A lot of STW journal , Made me realize that this phenomenon is extremely unreasonable . Some students raised doubts , Every interruption time is very short ? Wrote a simple tool , For every minute of STW Interruption frequency 、 The total interruption time was counted :

The statistics show that :

  • Every minute is normal 5 About a second break .
  • stay 11:29~11:30 Between , The frequency of interruptions increases sharply , This is exactly when the problem phenomenon began to appear . The total interruption time per minute is even as high as 20~30 second .

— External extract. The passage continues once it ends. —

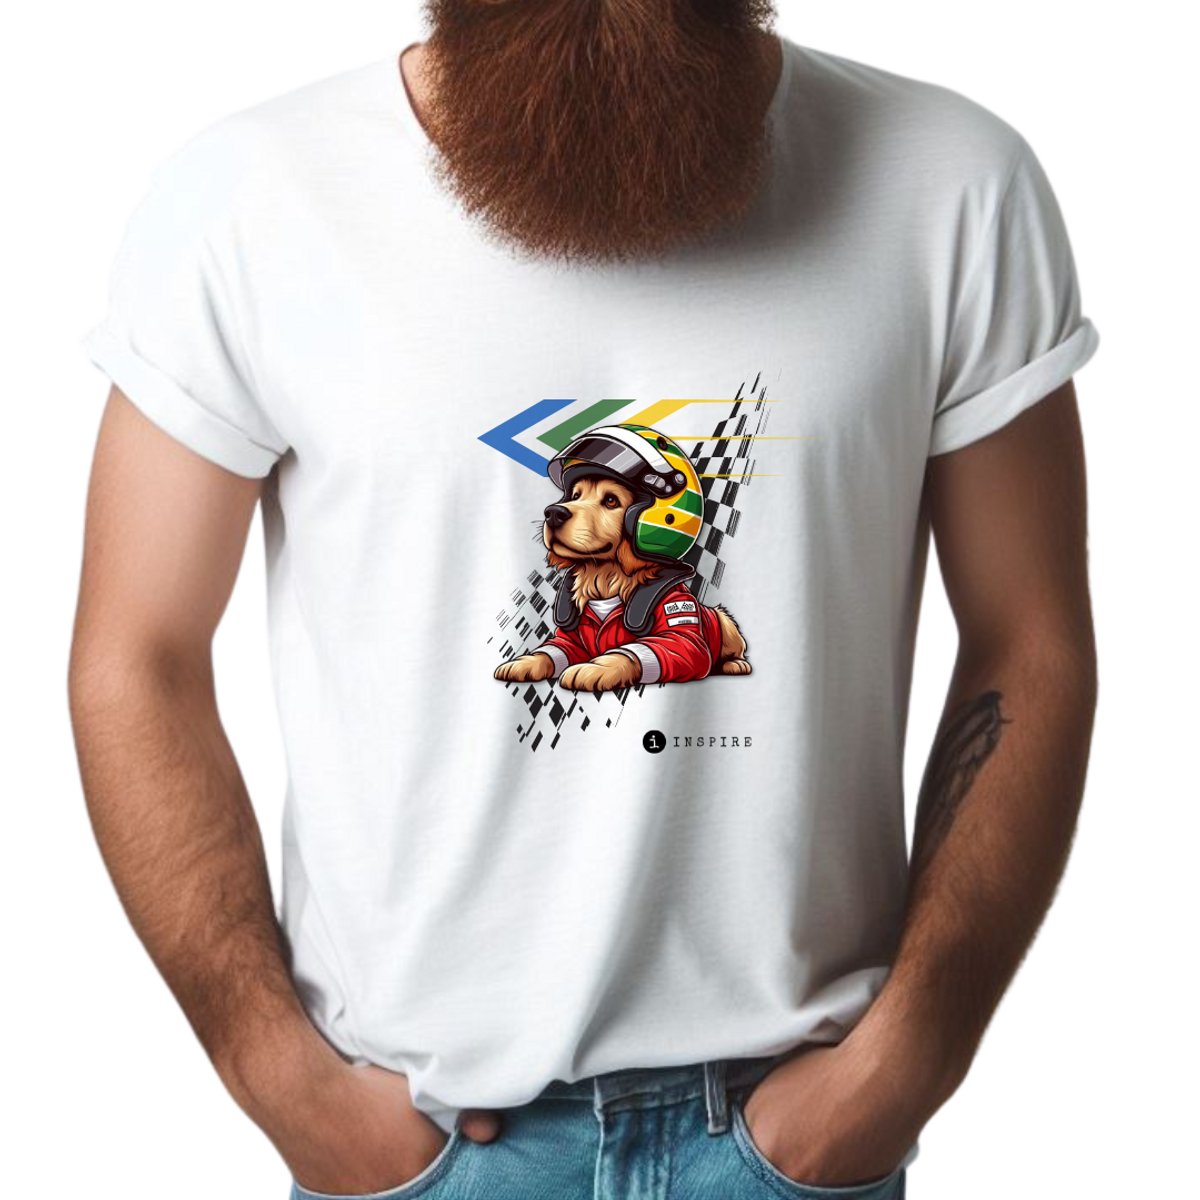 Nome do produto: Camiseta Inspire Senna - Classic (w)

This is like comparison. , a section 1 Kilometers of road , Normally, you don't see any traffic lights , Now there's a sudden increase of dozens of traffic lights , It's really breaking down . These interruptions are a good explanation for “ All the threads are doing CPU Calculation , However CPU The resources are very idle ” The phenomenon of .


About Safepoint The investigation of

Safepoint There are many types of , In order to confirm Safepoint Specific types of , Continue to ask the students on the spot to help , stay jvm.options Add the following parameters , open JVM journal :


Waiting for the problem to recur , I based on ES The running log counts the frequency of read and write requests per minute :

The number of read and write requests is relatively stable , This eliminates the reason for the sharp increase in user requests .

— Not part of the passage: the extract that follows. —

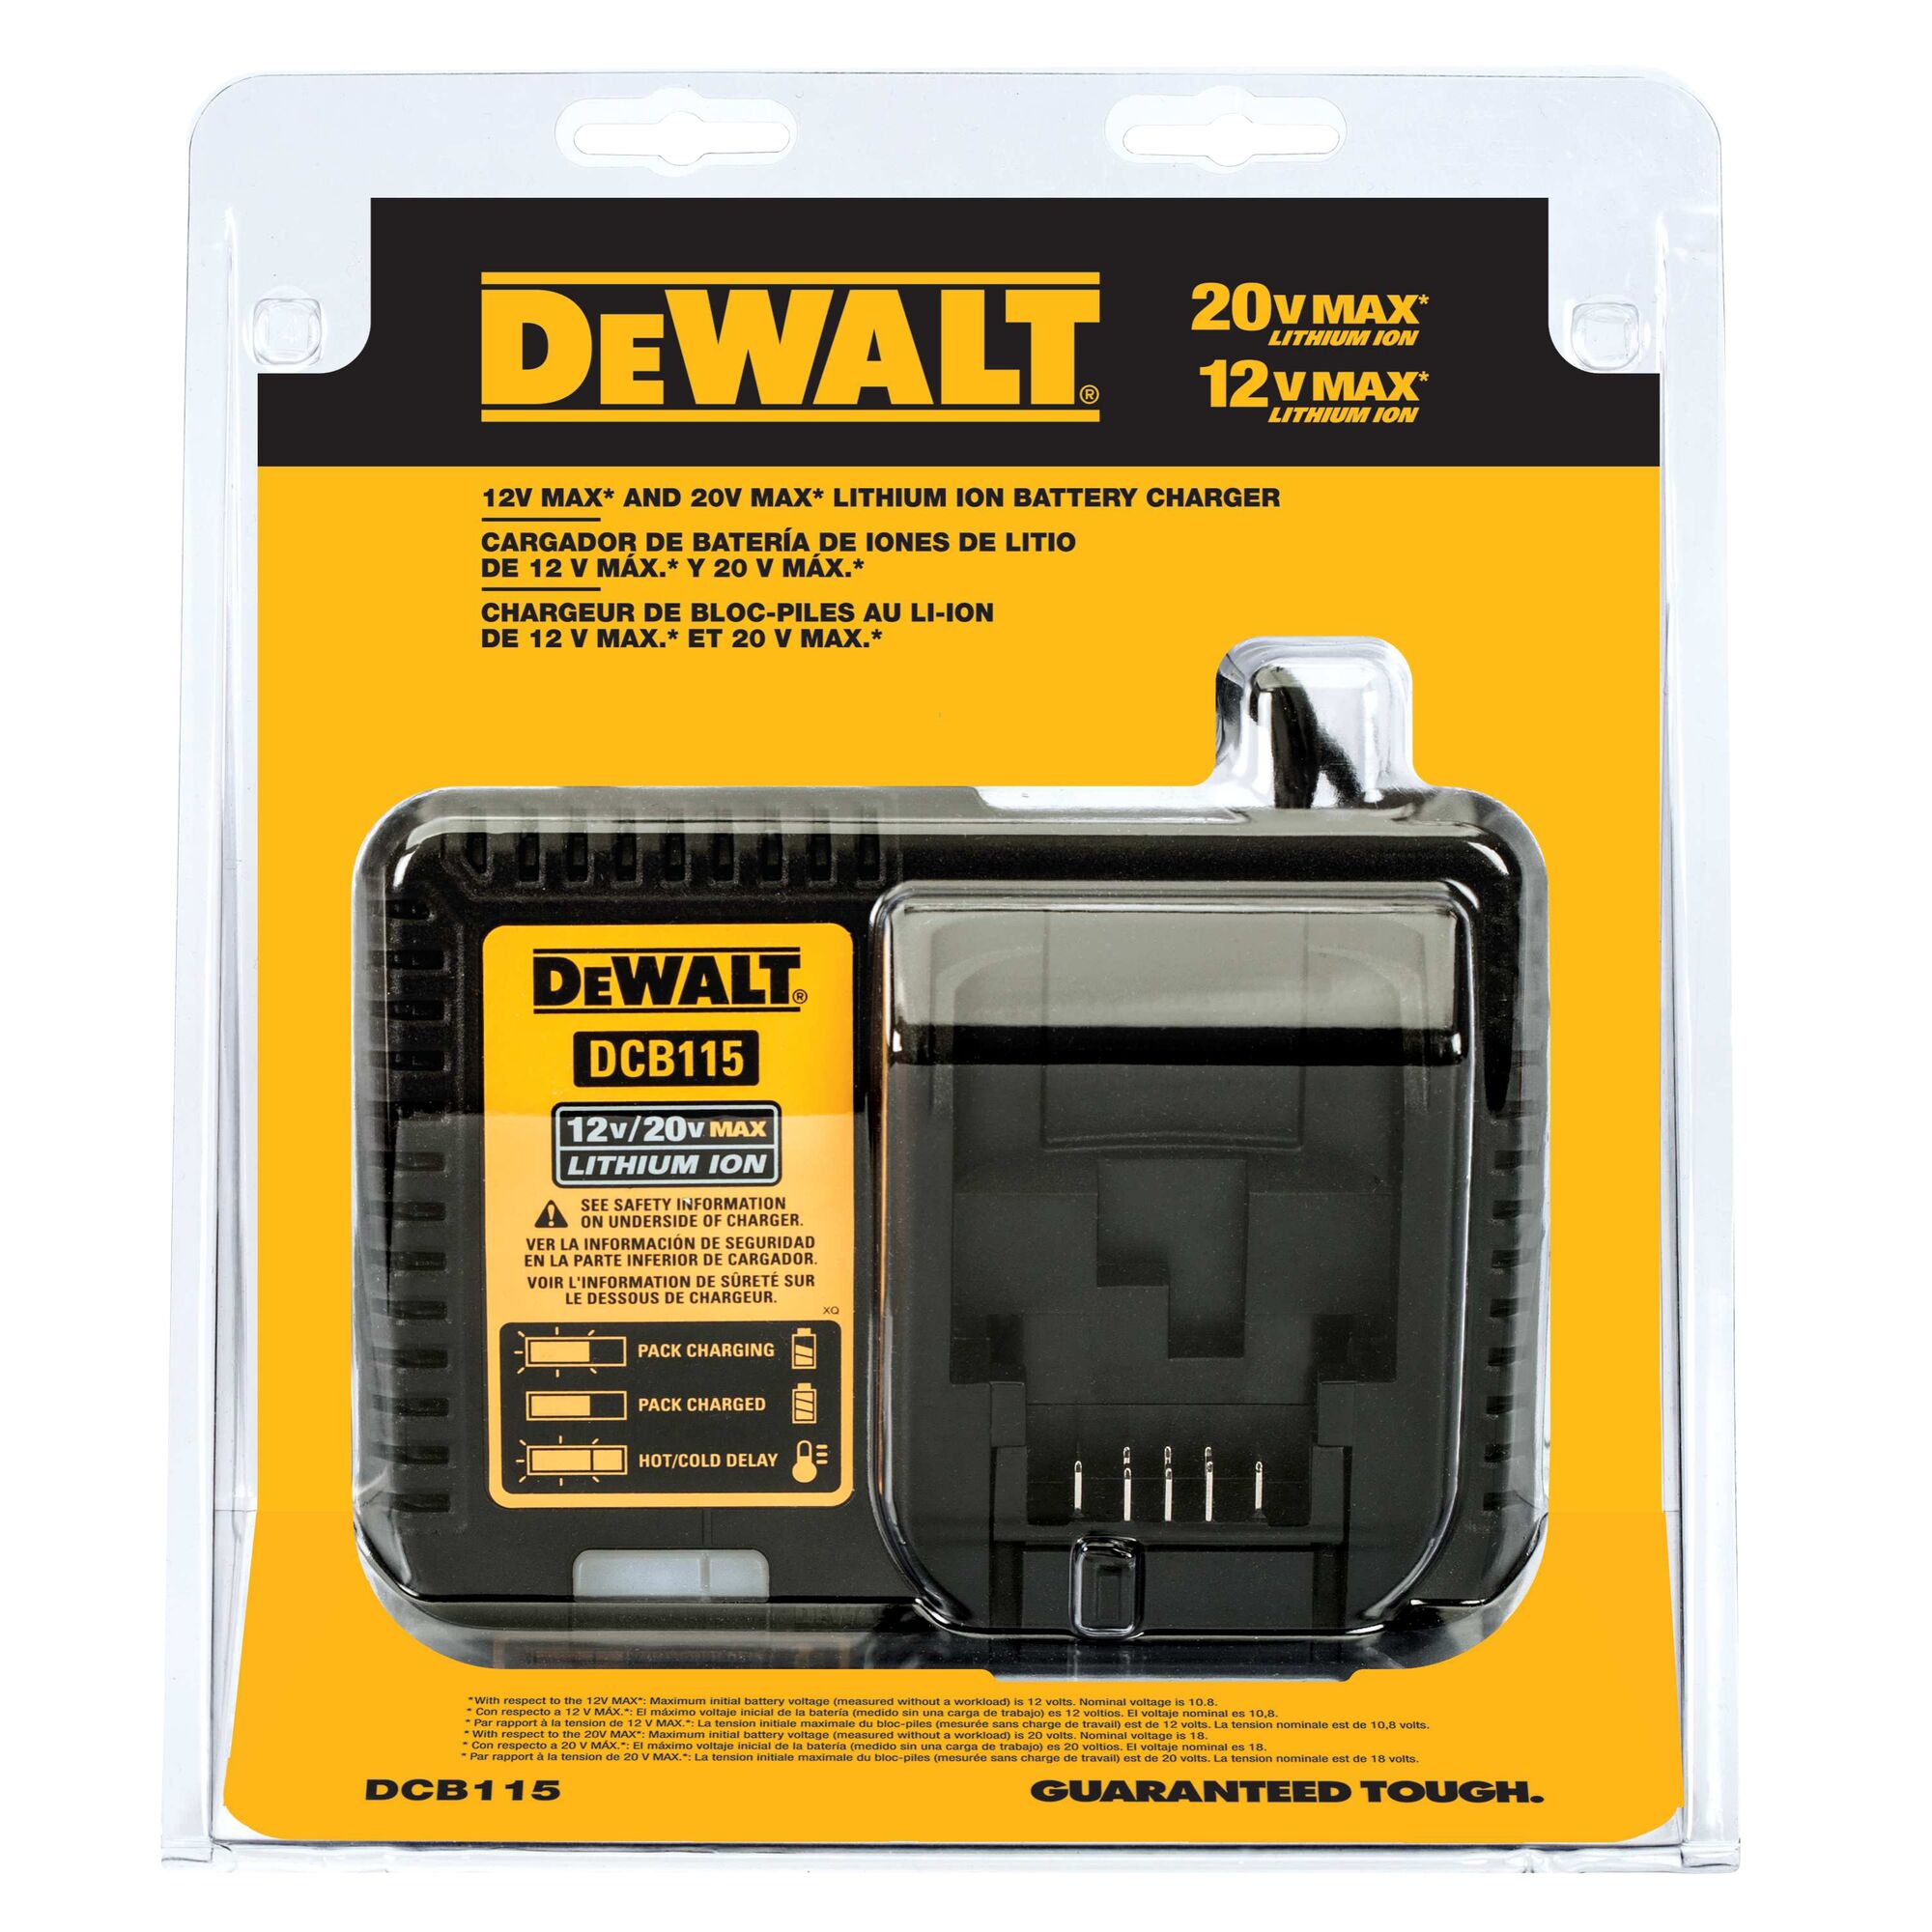 DeWalt Battery Charger DCB115 12V/20V USB Lithium Ion Tested Charger Only

Get JVM When the log , See a lot of Safepoint The type is ForceSafepoint:

And biased lock recycling is related to Safepoint It should be like this :

It makes me wonder . Start searching the Internet ForceSafepoint The trigger for , result , nothing .

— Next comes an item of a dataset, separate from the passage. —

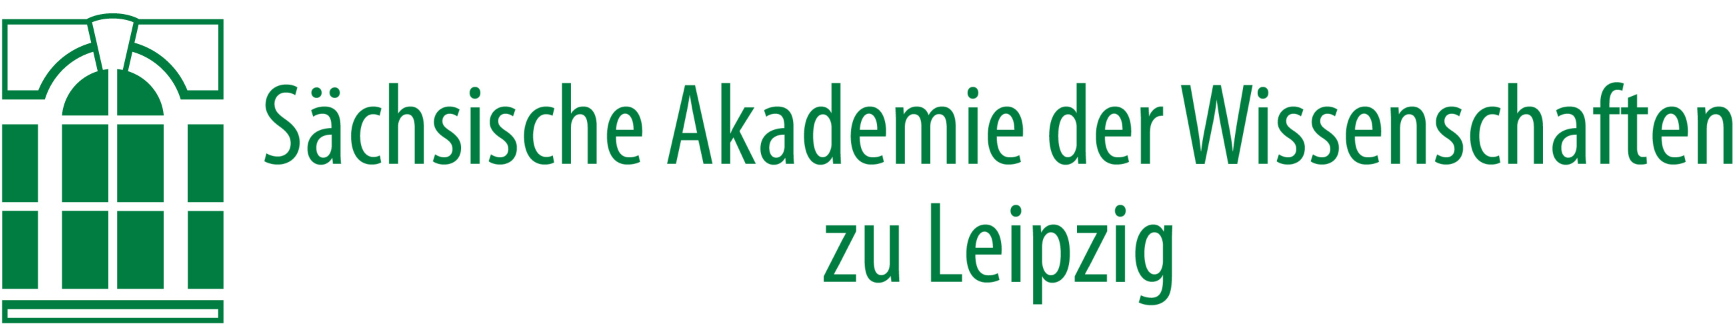 Link zur Sächsischen Akademie der Wissenschaften
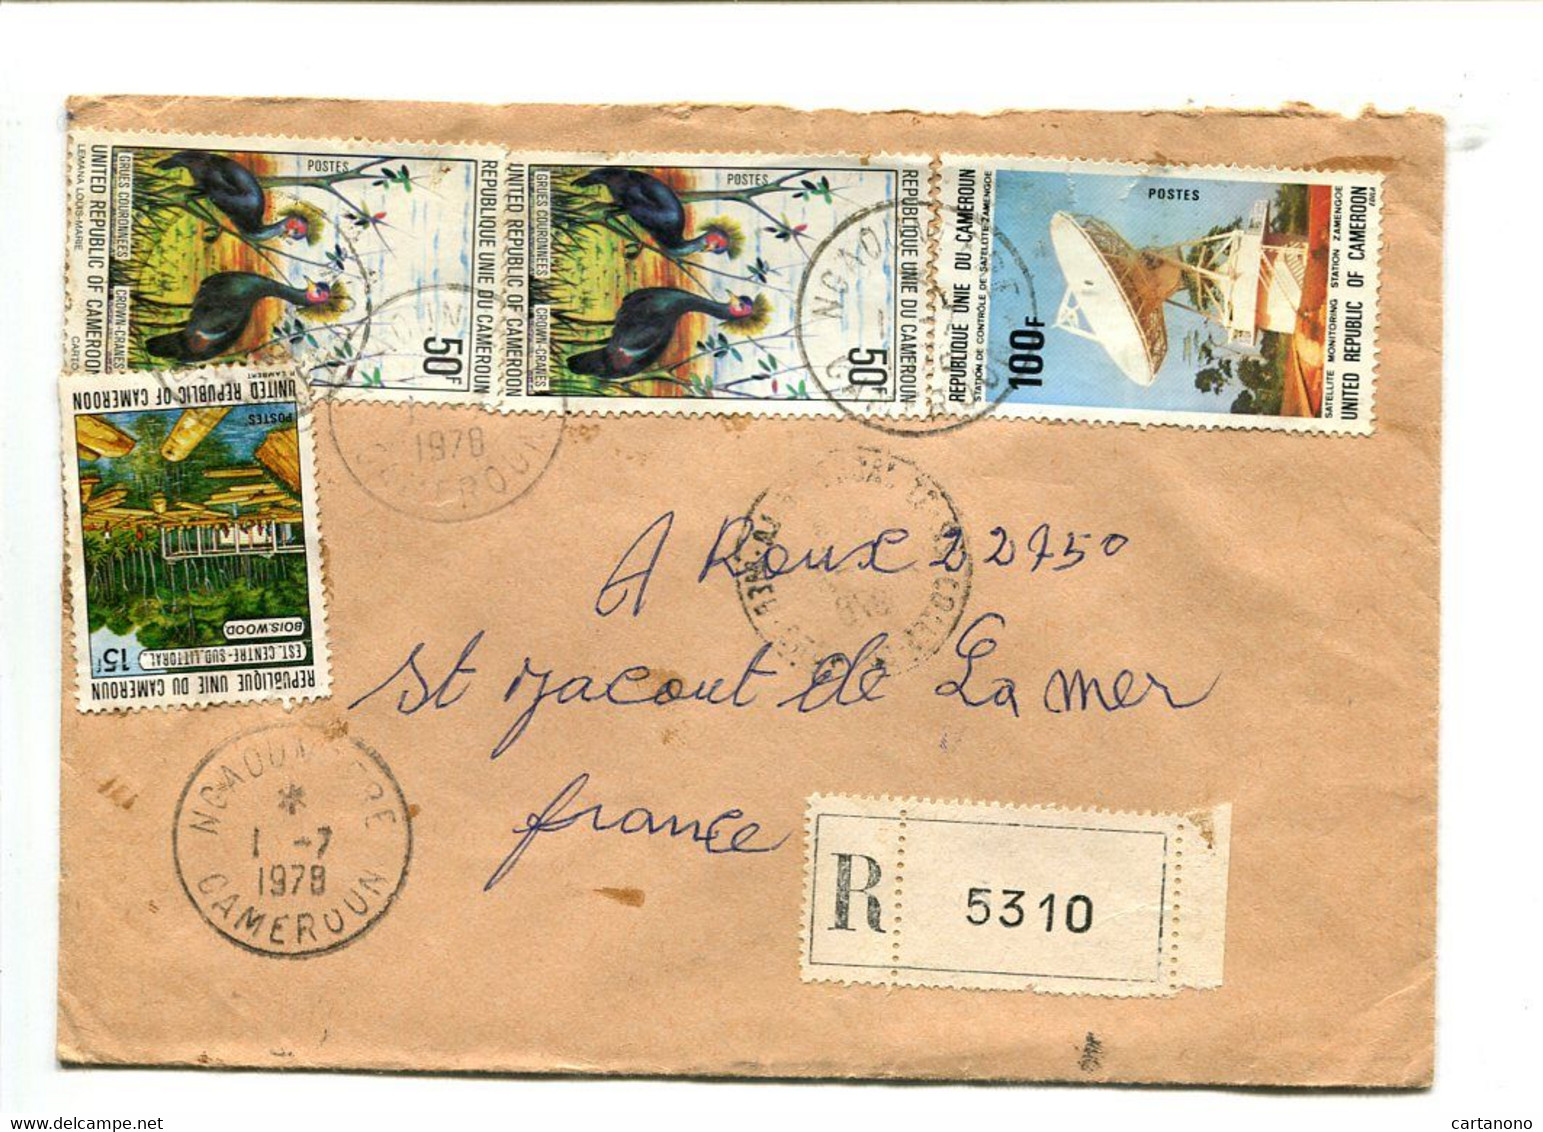 CAMEROUN 1978 - Affranchissement Sur Lettre Recommandée - Oiseaux / Télécom / Bois - Cameroun (1960-...)

see hotspot Source code , Found at least 5 Kind of related scenes :

so ,ForceSafepoint It's a “ Chowder ”, It's like in the chart “Others” a . So let's start here , I will JDK Added to the “ Key suspects ” In the list .

Continue analysis JVM journal . In each one Safepoint In the log , At the same time, the total number of threads at that time was recorded (threads: total A column of ):

Take a look back. , When something goes wrong , There is a significant difference in the total number of threads among the three nodes , After the problem , The total number of threads is increasing , In especial Lucene Merge Threads.

“ Multiple Lucene Merge Mission ” And “ There's a sudden increase in ForceSafepoint/STW interrupt ”, Which is “ because ” Which is “ fruit ”?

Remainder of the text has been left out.